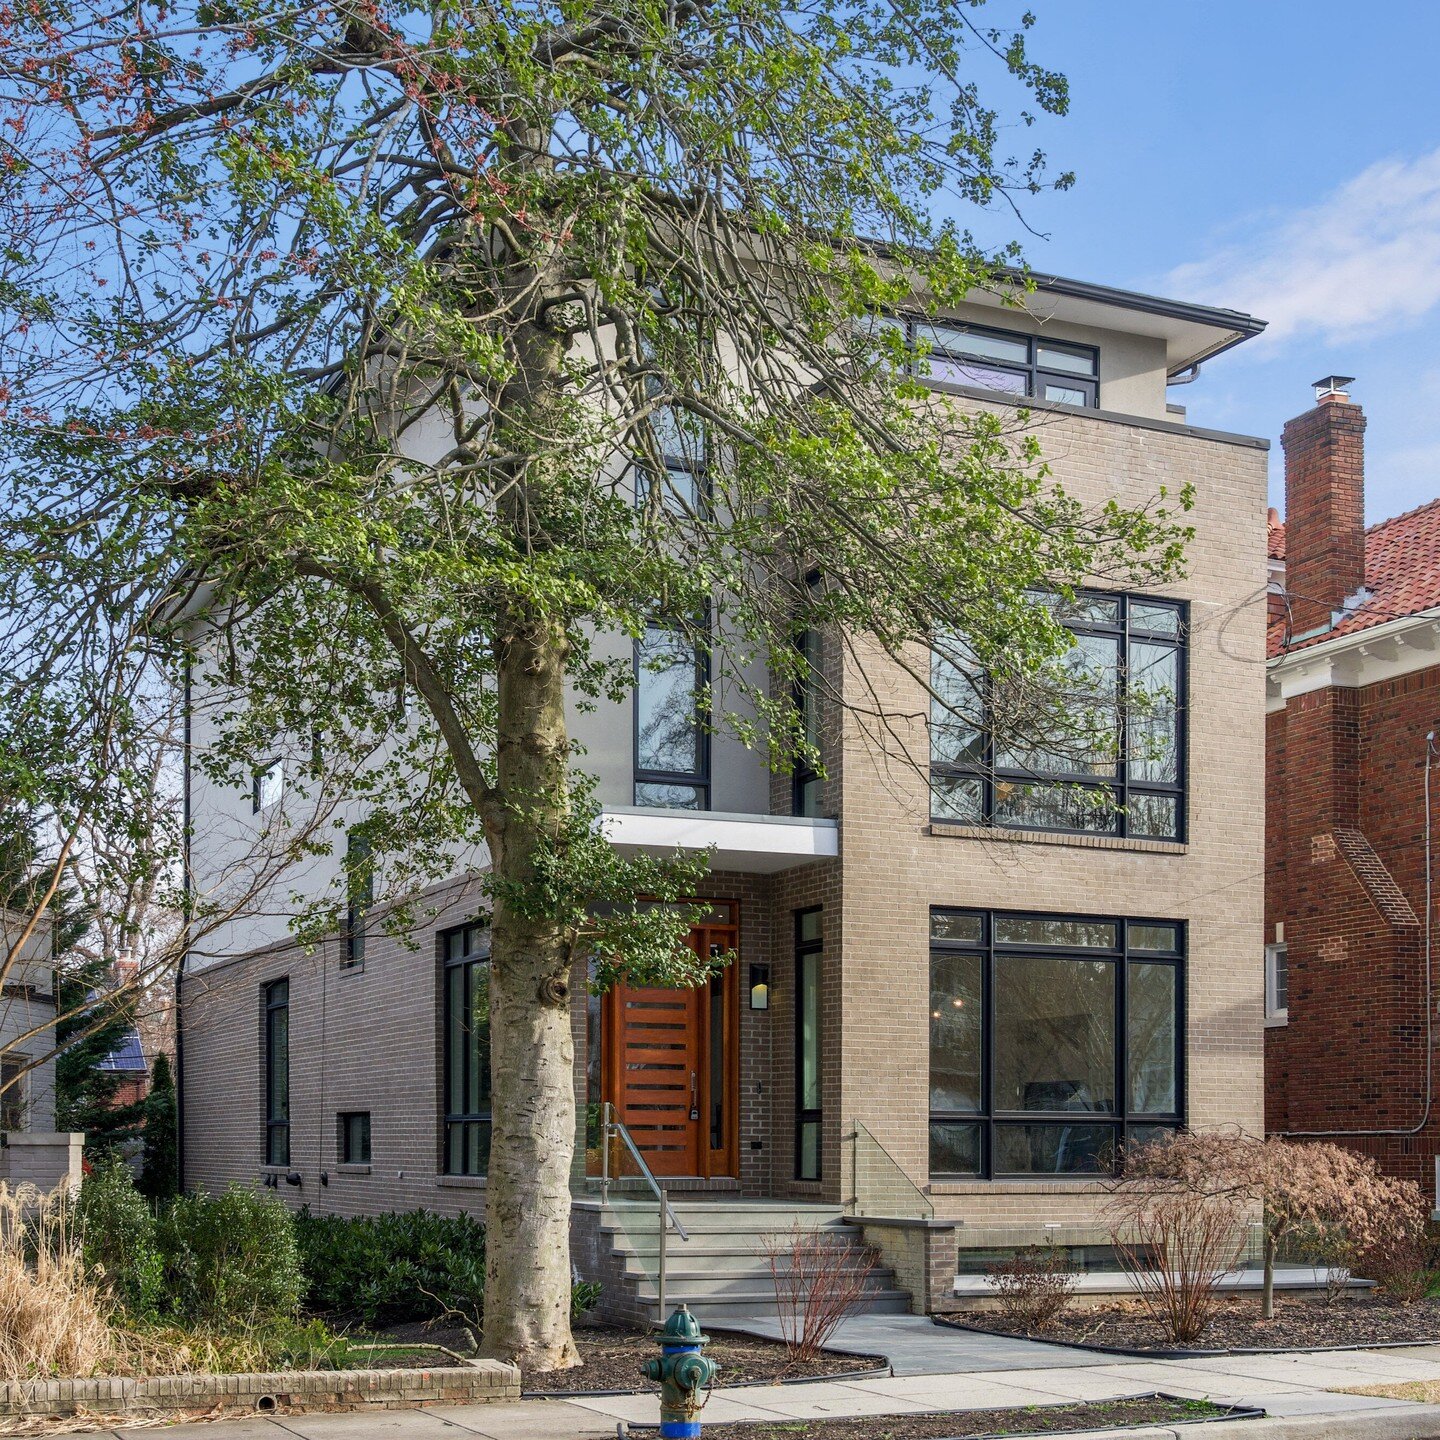 #ComingSoon 
1617 Madison St. NW Washington, DC 20011
.
https://homevisit.view.property/2106895?a=1
.
Introducing 1617 Madison St. NW, a stunning contemporary custom built home (2011) located on a quiet street with views of Rock Creek Park. This impe
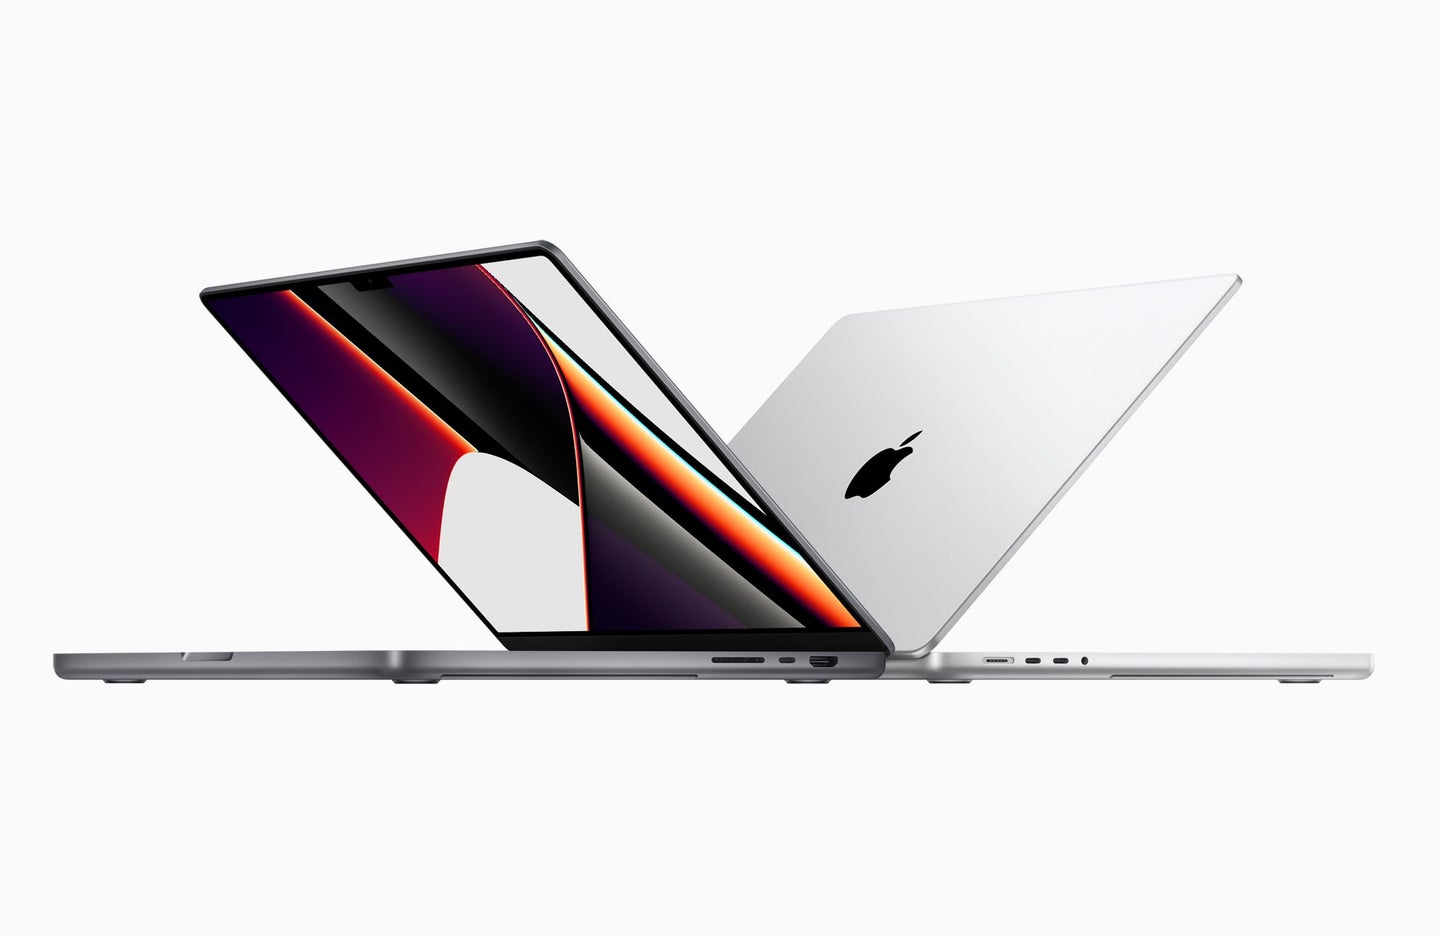 The new 2021 Apple Macbook Pro is here
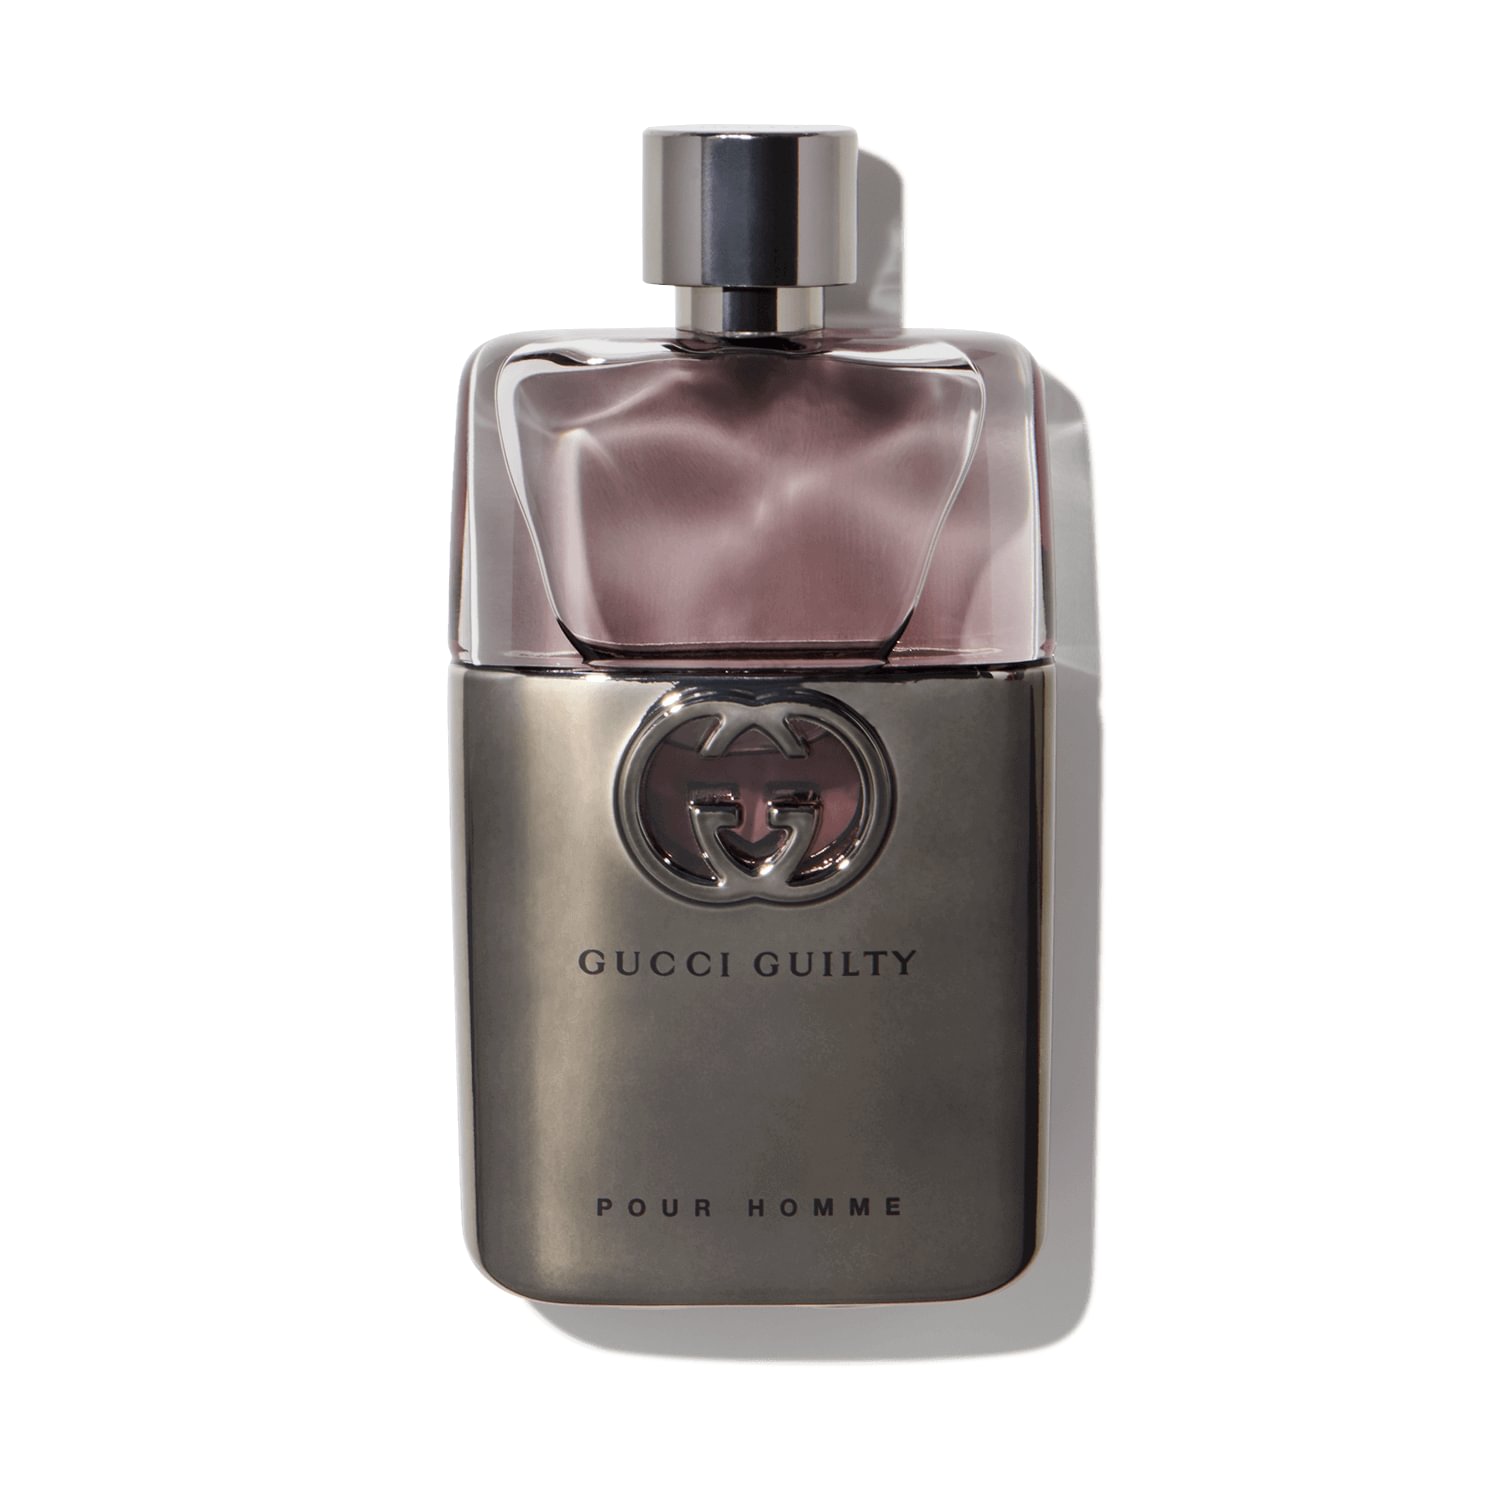 Get Guilty Pour Homme at Scentbird for

···

• [GOAL OF THE EXERCISE] Word for word, give the entries above again, with no images included.

• [EXERCISE RESULT]
 #ComingSoon 
1617 Madison St. NW Washington, DC 20011
.
https://homevisit.view.property/2106895?a=1
.
Introducing 1617 Madison St. NW, a stunning contemporary custom built home (2011) located on a quiet street with views of Rock Creek Park. This impe
 The new 2021 Apple Macbook Pro is here
 Get Guilty Pour Homme at Scentbird for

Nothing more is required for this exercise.